These permissively licensed datasets advance innovation in machine learning research and commercial applications, the consortium said.

According to an official release, the People’s Speech Dataset is among the world’s largest English speech recognition datasets licensed for academic and commercial usage. The 30,000-hour supervised conversational dataset is an order of magnitude larger than what was available just a few years ago.

The dataset, released under a Creative Commons license, democratises access to speech technology such as voice assistants and transcription, and unlocks innovation in the machine learning community. Contributors to the dataset include researchers from Baidu, Factored, Harvard University, Intel, Landing AI, and NVIDIA. It can be downloaded at mlcommons.org/speech.

The other release of the day, Multilingual Spoken Words Corpus (MSWC) is a rich audio speech dataset with more than 340,000 keywords in 50 languages with upwards of 23.4 million examples. Previous datasets relied on manual efforts to collect and validate thousands of utterances for each keyword and were commonly restricted to a single language.

A diverse multilingual dataset that spans languages spoken by over five billion people, MSWC advances the research and development of applications such as voice interfaces for a broad global audience.
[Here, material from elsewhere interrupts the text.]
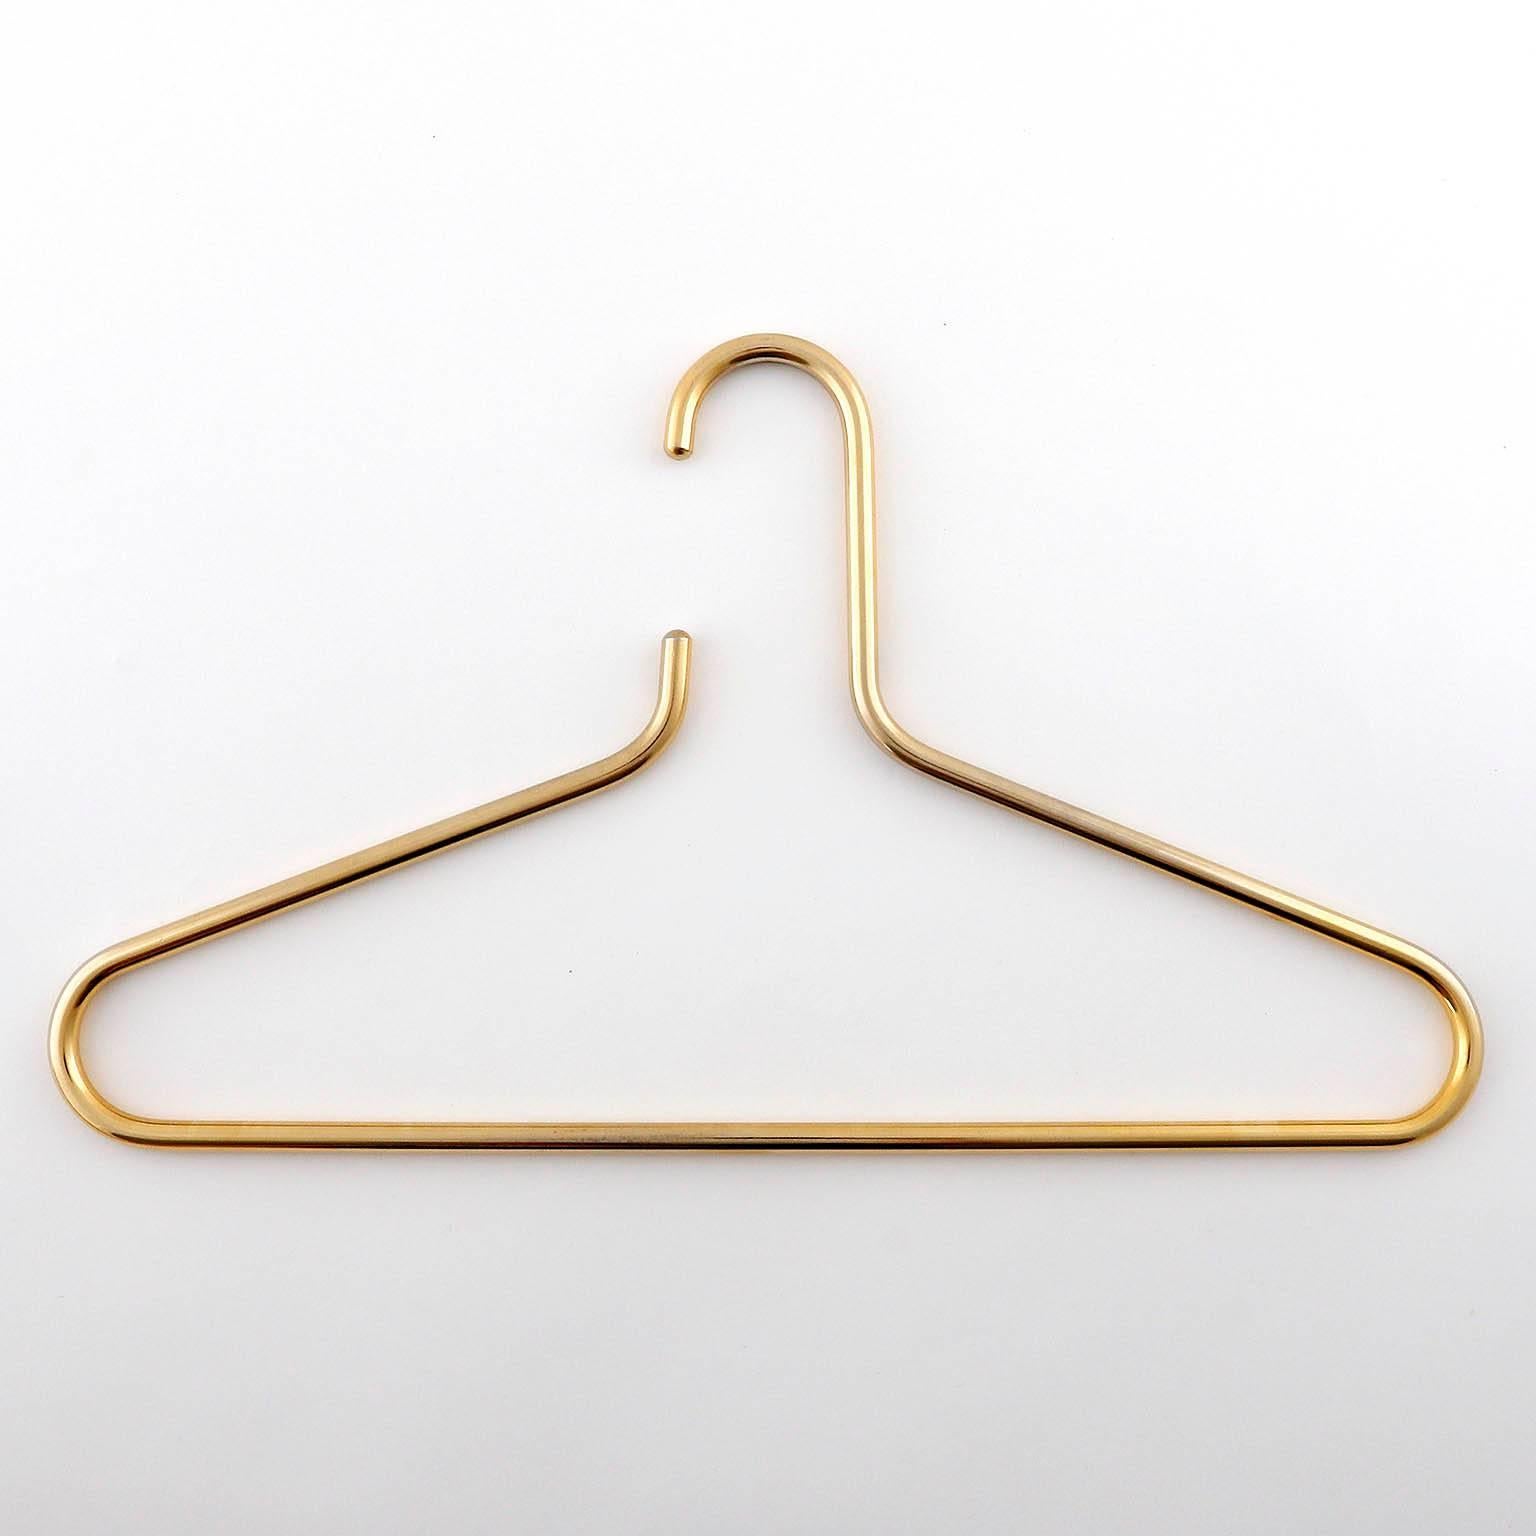 A set of ten coat hangers manufactured in Mid-Century (1960s-1970s). A simple and timeless design. Very solid craftsmanship.

The price is per hanger. The hangers will be sold singly, as pair or as set of three, four, five, six, seven, eight, nine

Contributors to the MSWC include researchers from Coqui, Factored, Google, Harvard University, Intel, Landing AI, NVIDIA, and the University of Michigan. It can be downloaded at mlcommons.org/words.

MLCommons also unveiled the new DataPerf benchmark suite that supports data-centric AI innovation by measuring the quality of datasets for common ML tasks and the impact of enhancing datasets. Also, the association is issuing a call for participation in the new DataPerf benchmark suite, which measures and encourages innovation in data-centric AI.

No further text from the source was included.